In 2020, while the majority of the newspapers featured ads and reports from industrialists praising the government for support throughout the pandemic, garment factory workers were experiencing wage thefts at high levels and the situation continues up to the current date.
On Thursday, Asia Floor Wage Alliance (AFWA) released a 193-page report centering on Covid-19 relevant wage theft in the global garment supply chains. In Pakistan, the factory owners refused 244,510 workers from a sample of 50 industrial units $85 million wages due to order canceling and non-payment of current orders by global brands. Workers have the right to wages and benefits, thus this contributes to wage theft.
The report consists of a survey: involving 605 workers from about 50 garment factories in Faisalabad, Lahore, and Karachi. Approximately 96 percent of the sampled factories hired above 1,000 workers. The report says, “Workers consistently endured wage theft during the years 2020 and 2021, with no real indication of improvement.”
The survey unveiled that all garment factory workers faced an impact on their work; 86 percent experienced layoff and 14 percent terminations. The workers also informed that in 2020, a total wage theft of 29 percent occurred, which is a drastic decline of 61 to 69 percent in wages during the lockdown from March to May and a 26 percent decline in June till October.
The survey also added that workers who had work experience of five years did not have sufficient savings to survive a layoff of one month.
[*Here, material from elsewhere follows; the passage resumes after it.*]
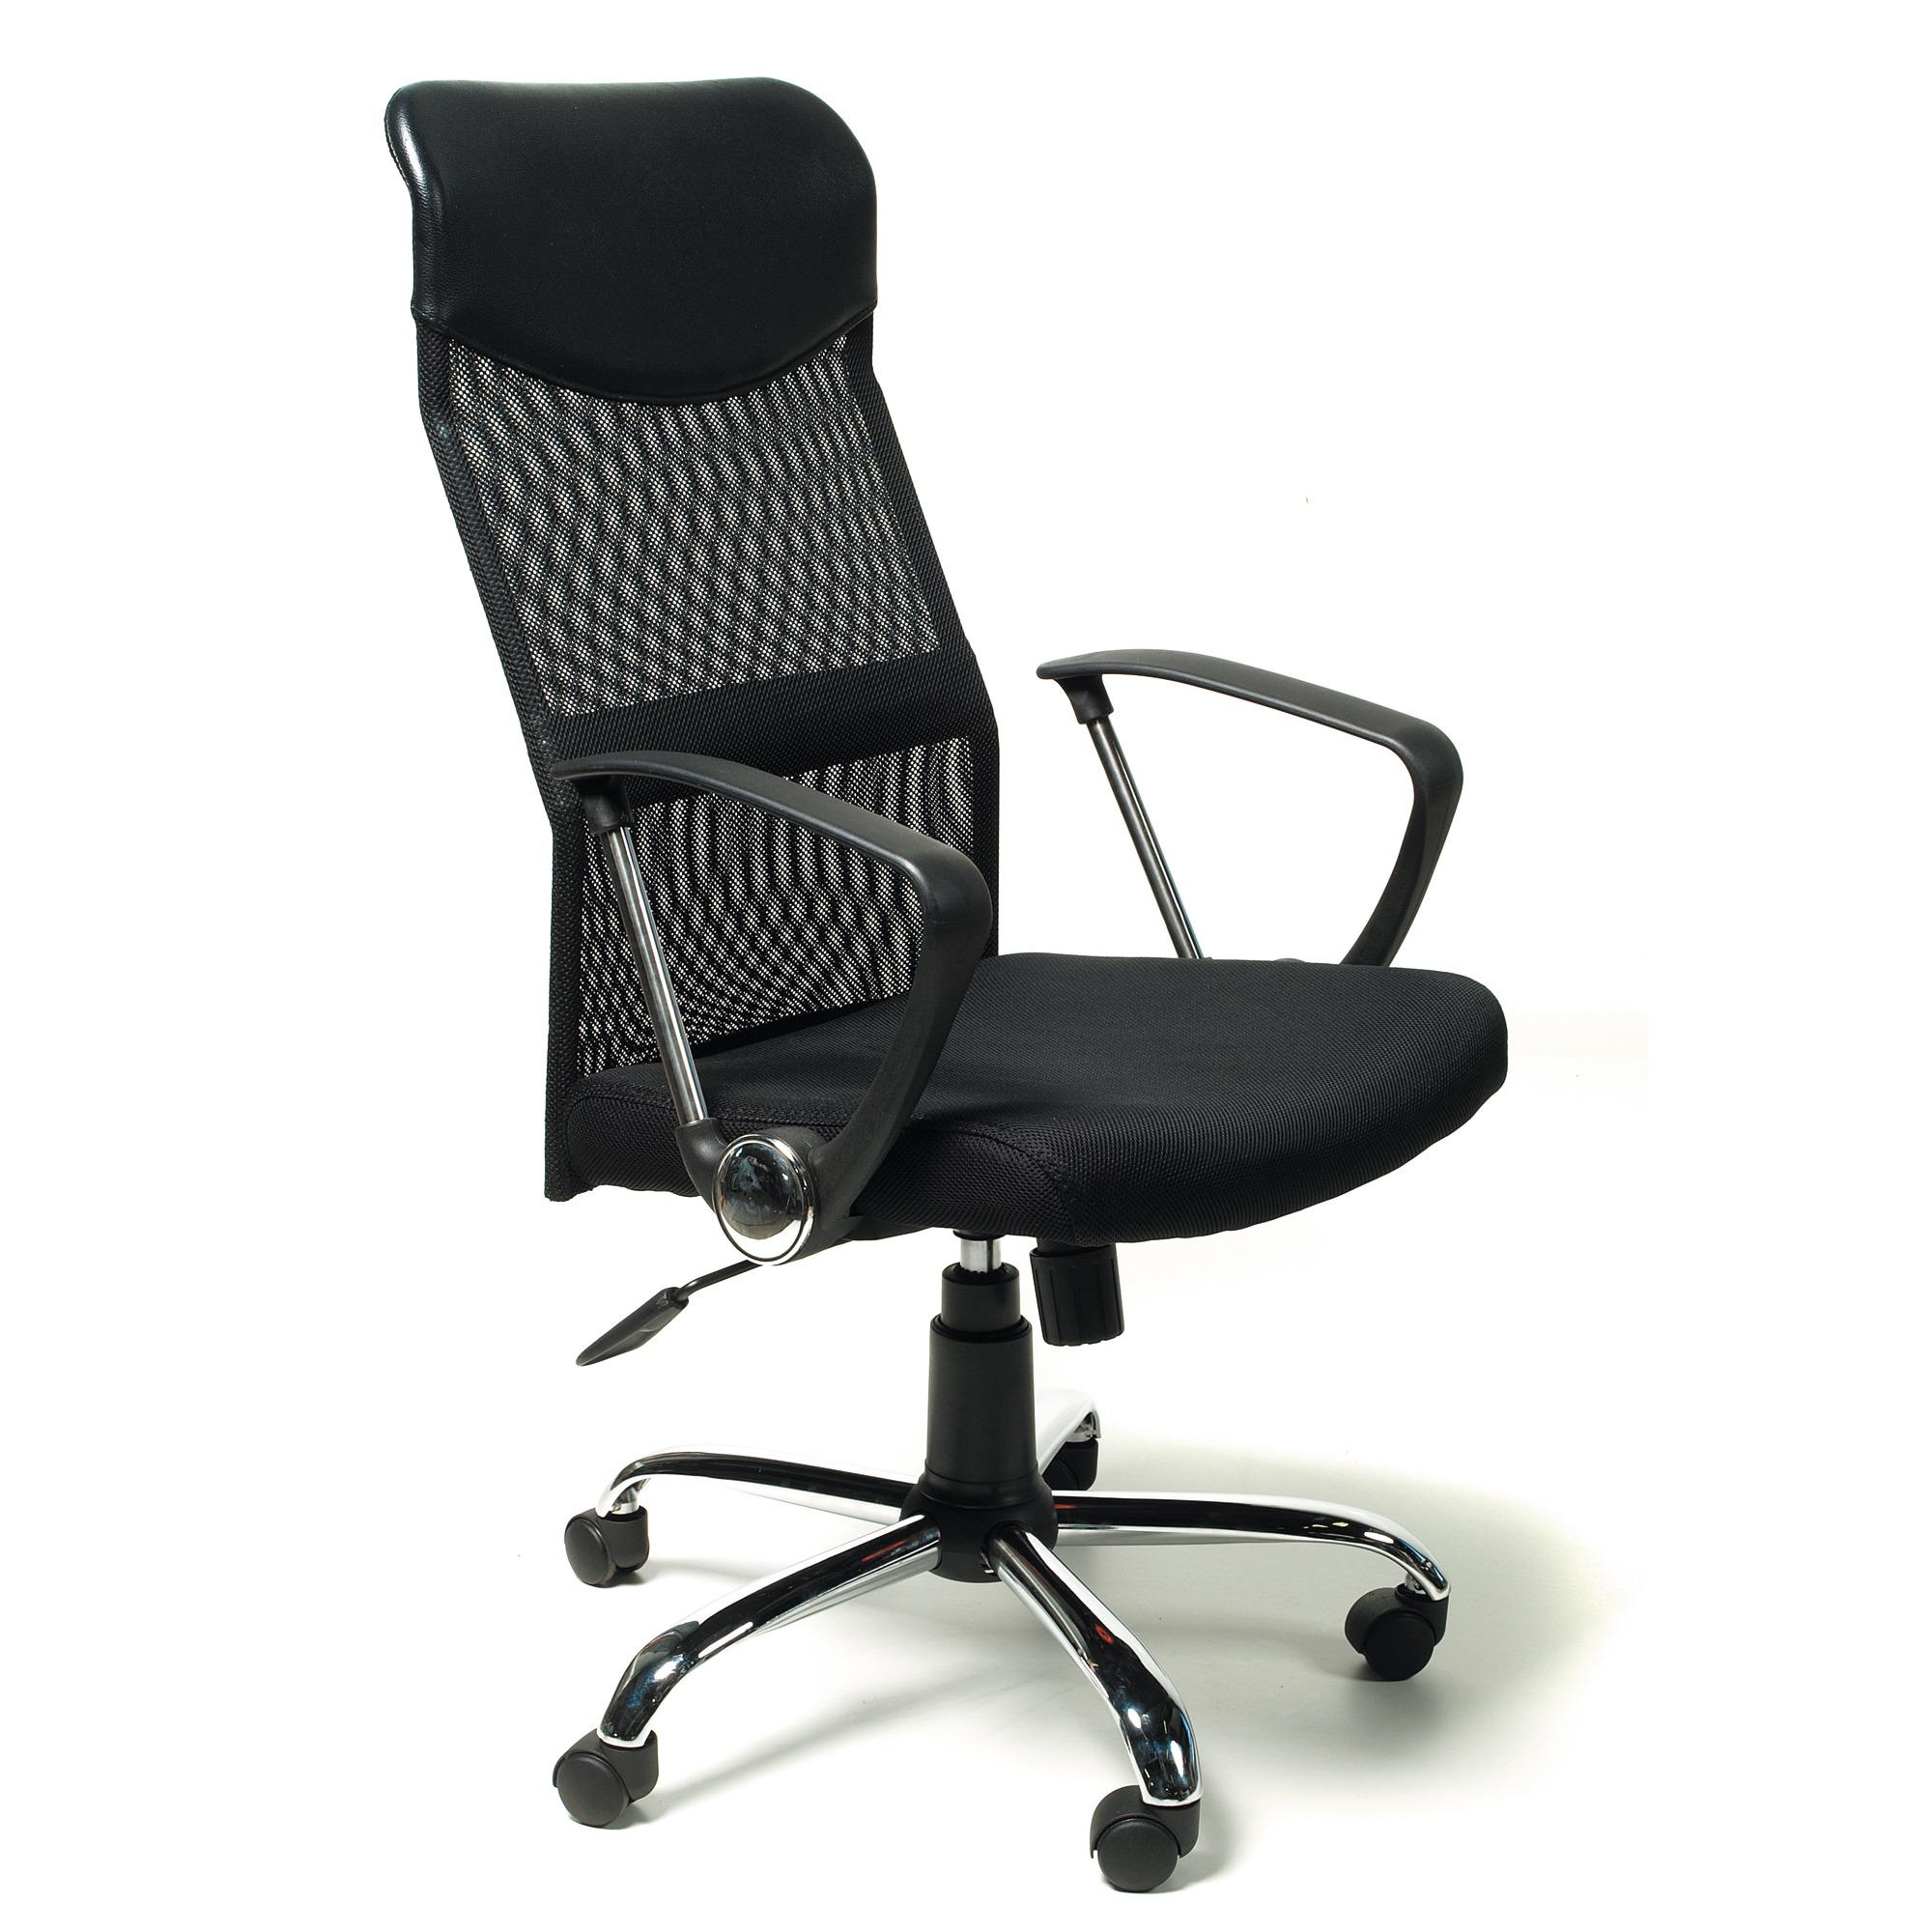 Achat chaise bureau le monde de l a for Le monde de la chaise

The affected workers had to live by decreasing consumption, acquiring debt, or giving away assets. March and May of 2020, 81 percent of the workers went below the poverty line defined by the World Bank, which was $3.20 a day.
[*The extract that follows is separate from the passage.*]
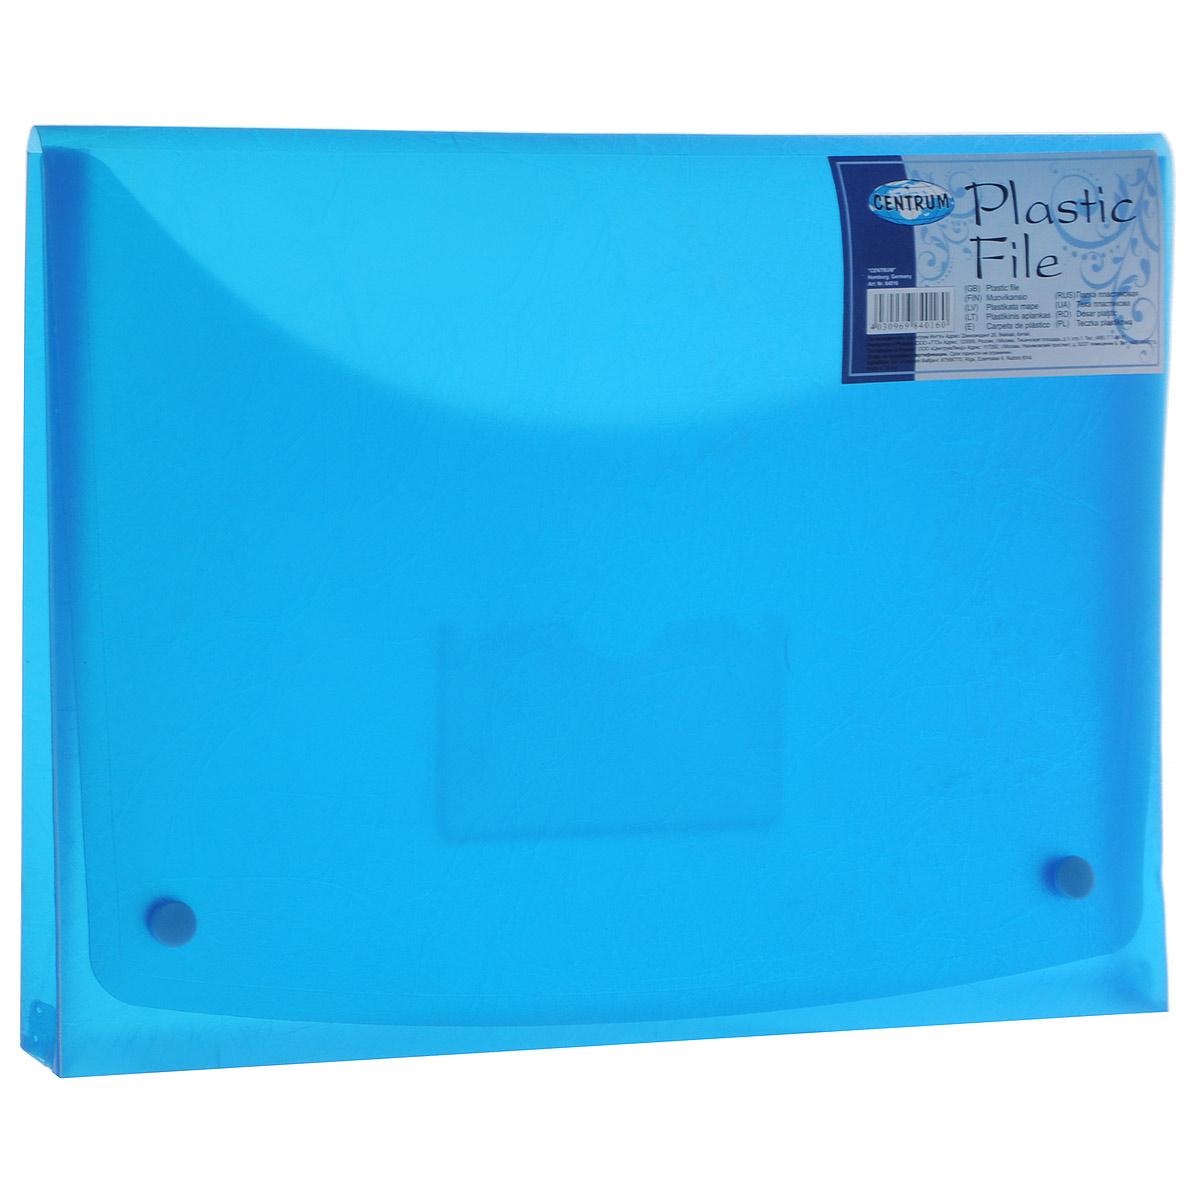 Папка-конверт на кнопках Centrum, цвет: голубой. Формат A4CF903-0384016 Папка-конверт на двух кнопках А4,пластик 0,4 мм,SOFT TOUCH 84016, цвет: синий

According to the interviews, the garment workers faced layoffs and did not get any financial assistance for one or two months from anyone. Most of the workers fired did not get the lawfully mandated severance money. The workers who were re-employed noted an escalation in overtime work without pay compared to the previous year.
Utilization of subsidised loans not sufficient
The State Bank of Pakistan established Rs238 billion for wages in 2020 as subsidised loans. However, the report states that benefits from these programs were not efficiently given to the workers as wages.
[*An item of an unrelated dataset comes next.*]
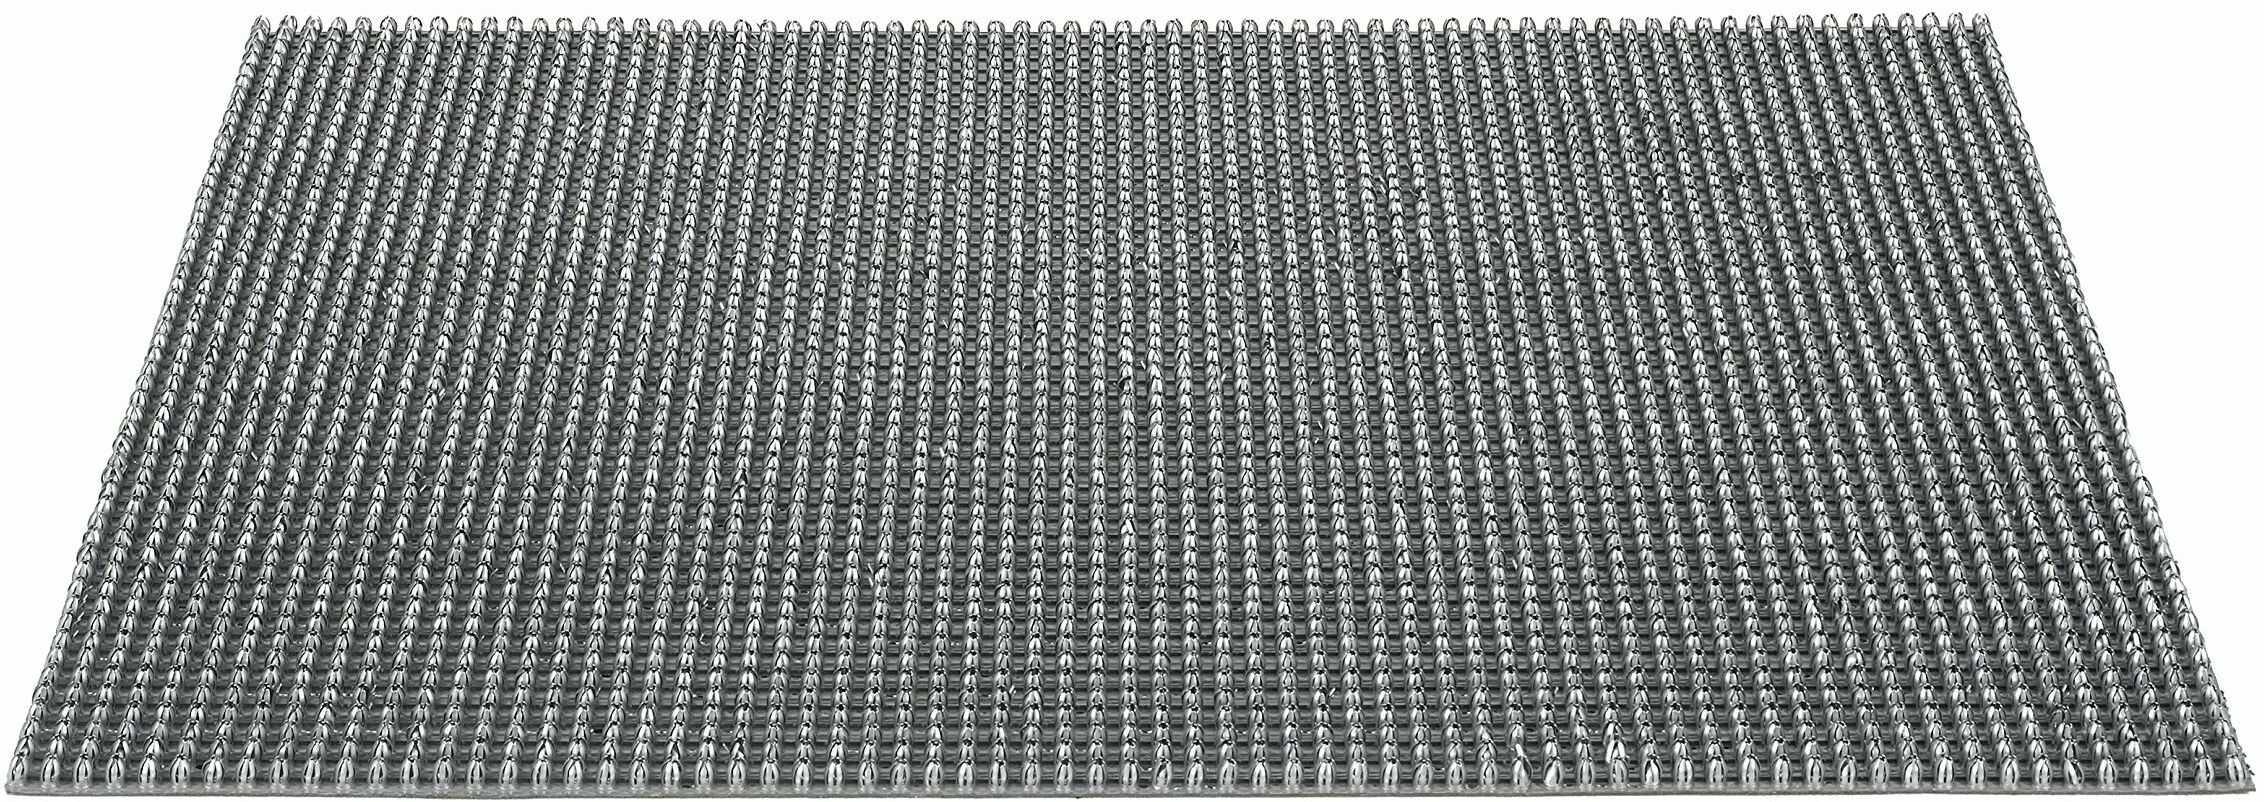 Wycieraczka Queens z polietylenu, do użytku na zewnątrz, na wszystkie pory roku, srebrna, 60 x 80 cm

Although owners are obligated to pay twice the standard hourly amount for overtime work, all workers surveyed were given the legally mandated rate for their overtime even before the pandemic.
The report further wrote that the provincial-level Employees’ Social Security Institutions or ESSIs (PESSI in Punjab and SESSI in Sindh) grants permanent workers to have health services and cash bonuses. Employers are compelled to provide to both plans under the law still about 65 percent of the workers did not get social security advantages even before the pandemic. The numbers showed a rise during the lockdown leading up to 80 percent of workers telling that they did not get SESSI/PESSI’s health or cash benefits in April and May.